→ **Exercise goal**:
Your copy of the data should match it exactly, leaving out only the pictures.

→ **Data provided**:

....

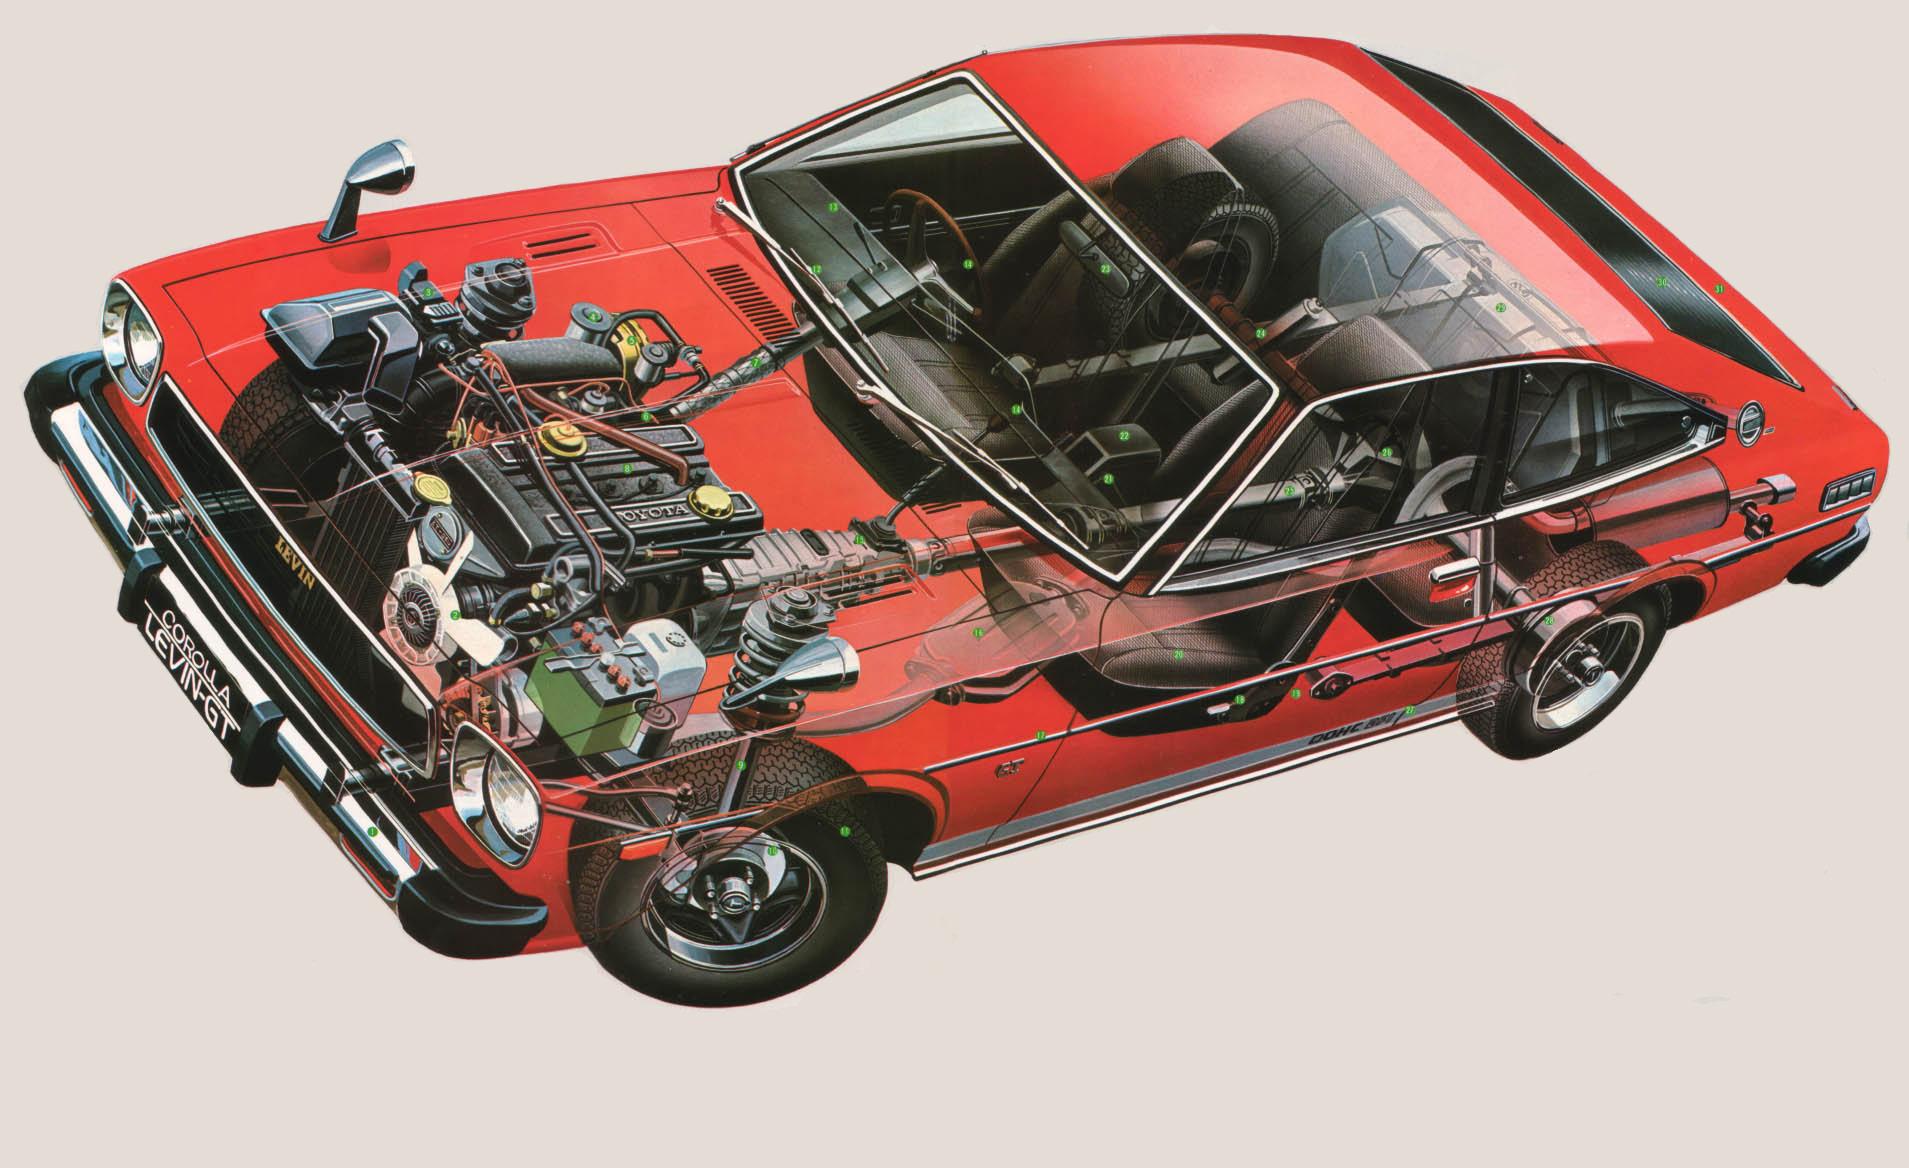 Toyota Corolla cutaway
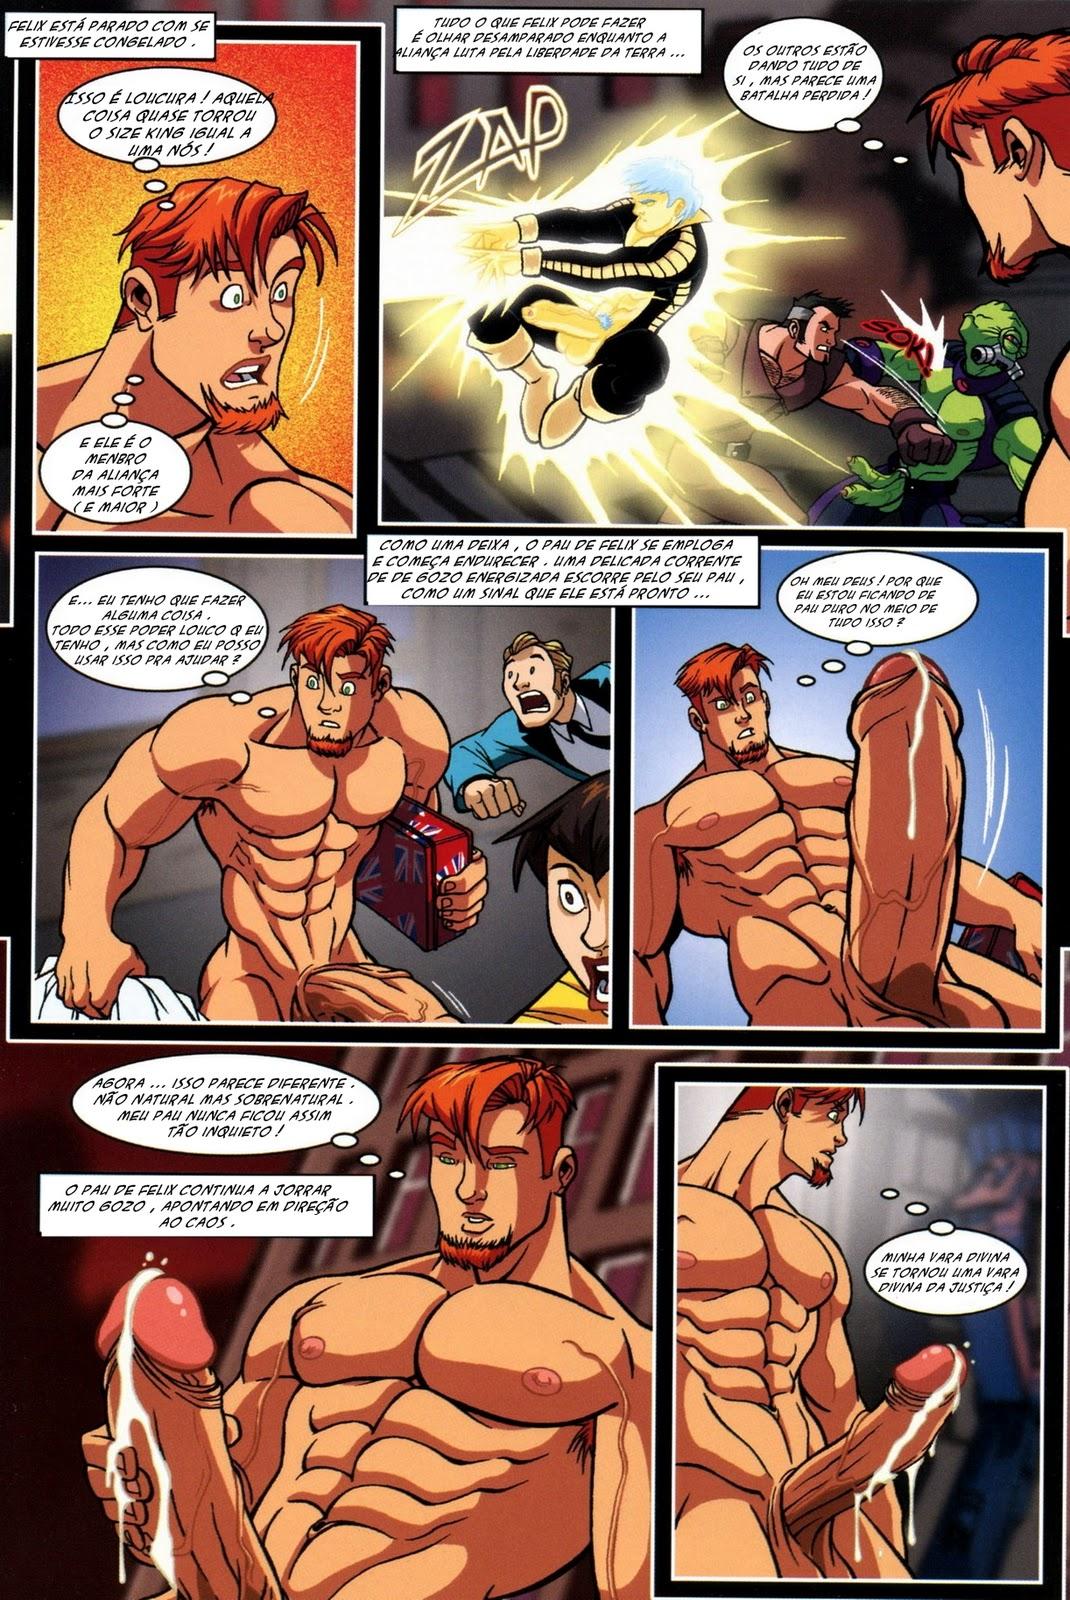 zdarma gay sex komiks
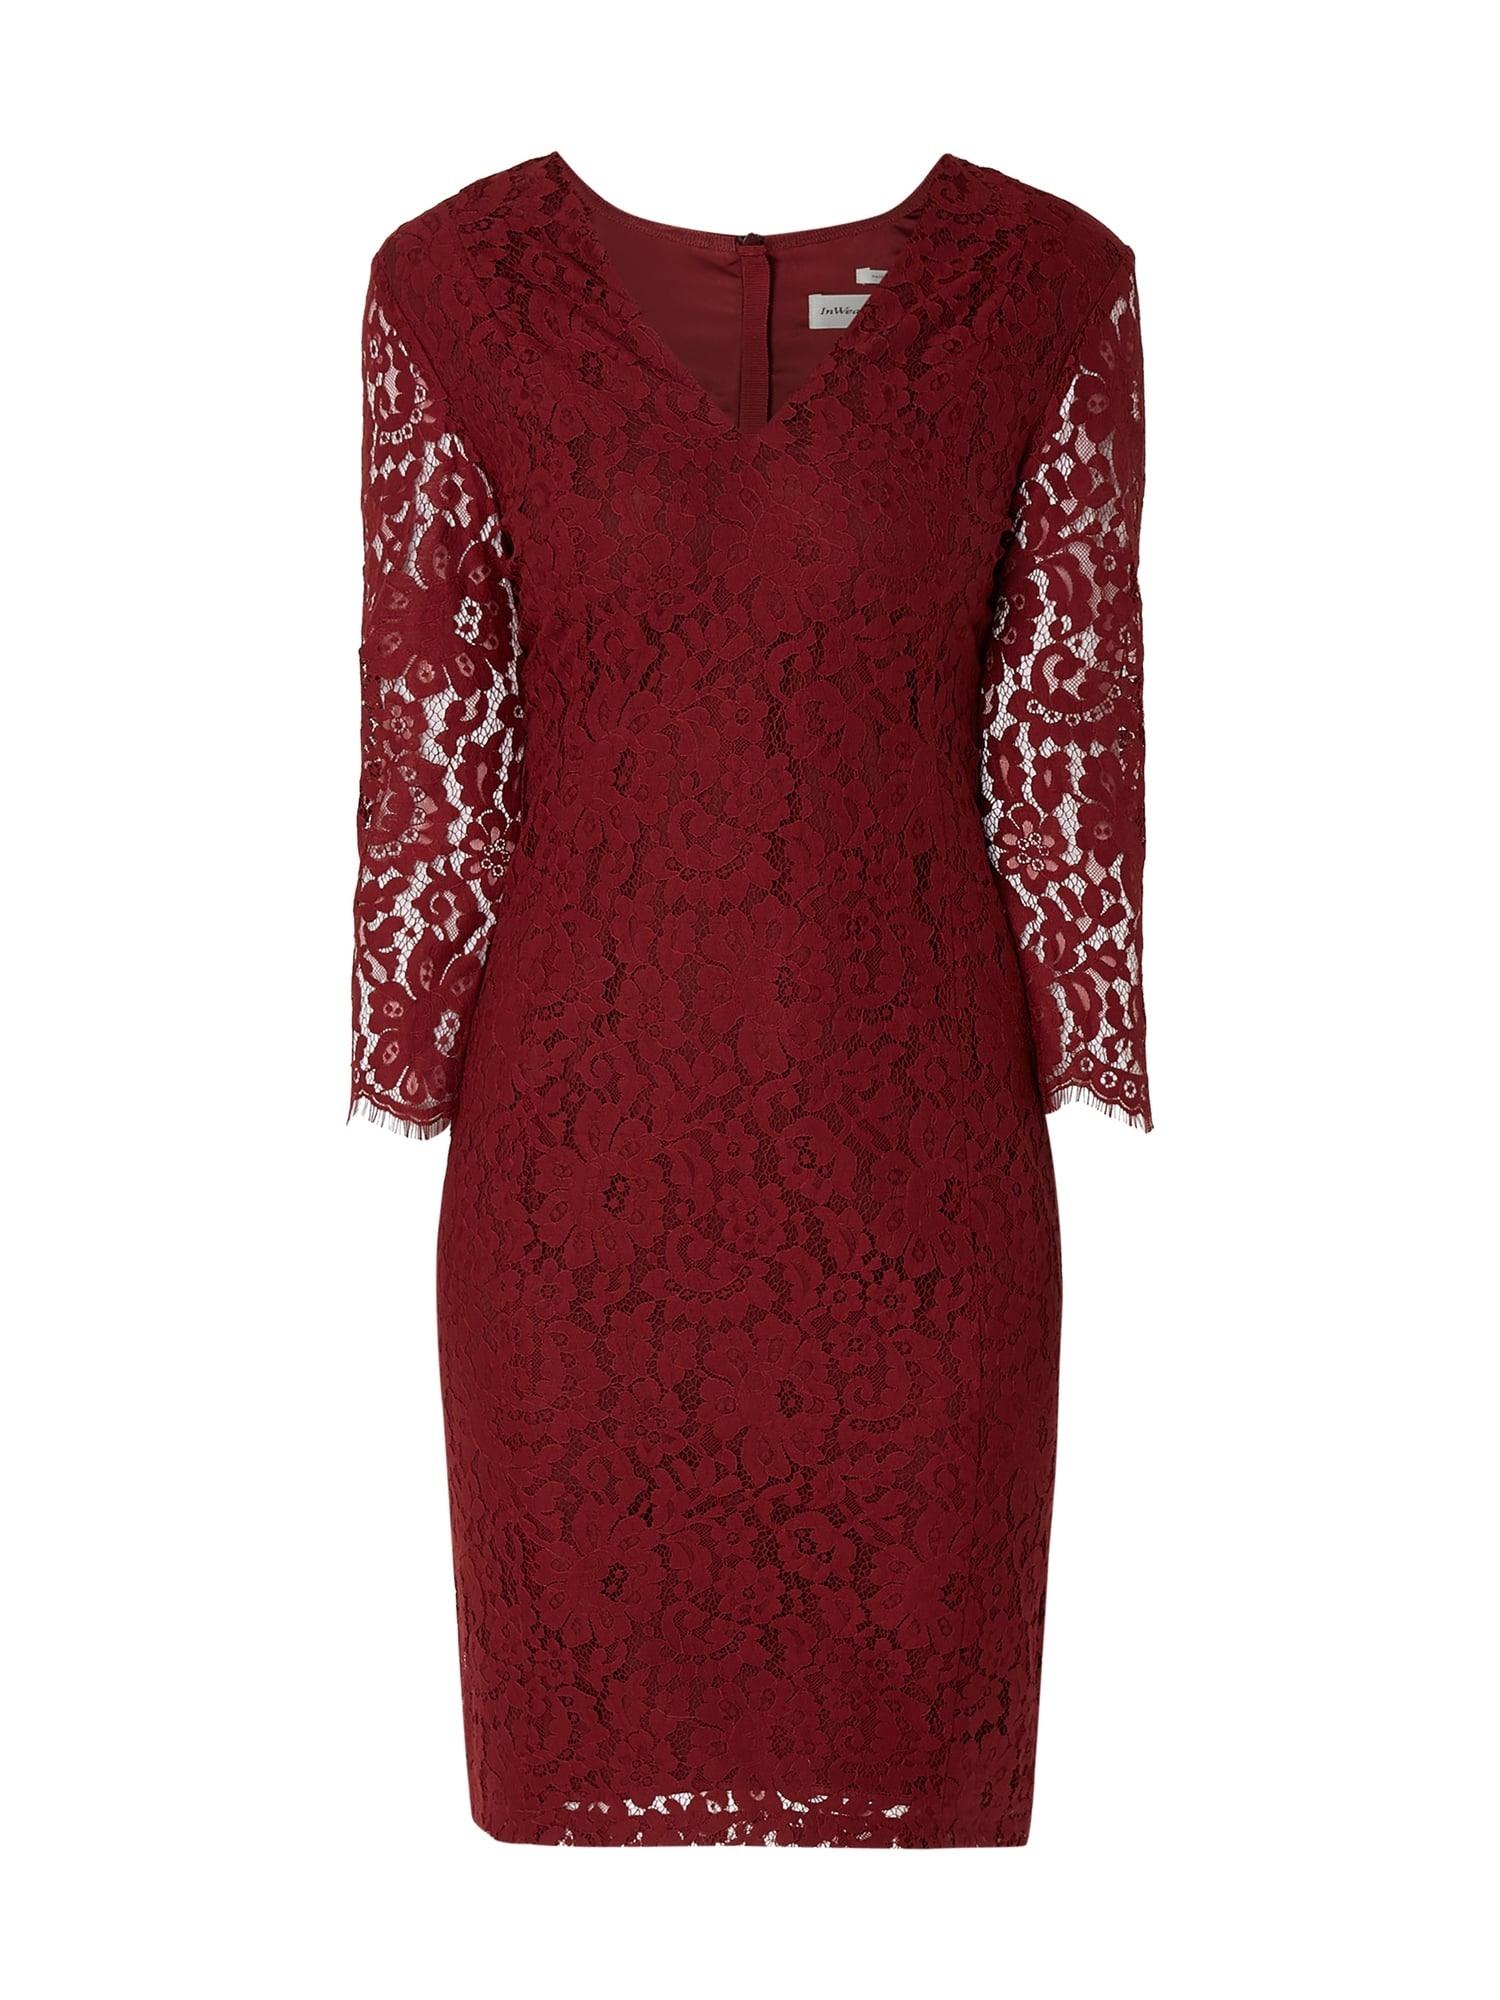 13 Einfach Bordeaux Kleid Spitze VertriebFormal Top Bordeaux Kleid Spitze Bester Preis

....

→ **Reply**:
 Toyota Corolla cutaway
 zdarma gay sex komiks
 13 Einfach Bordeaux Kleid Spitze VertriebFormal Top Bordeaux Kleid Spitze Bester Preis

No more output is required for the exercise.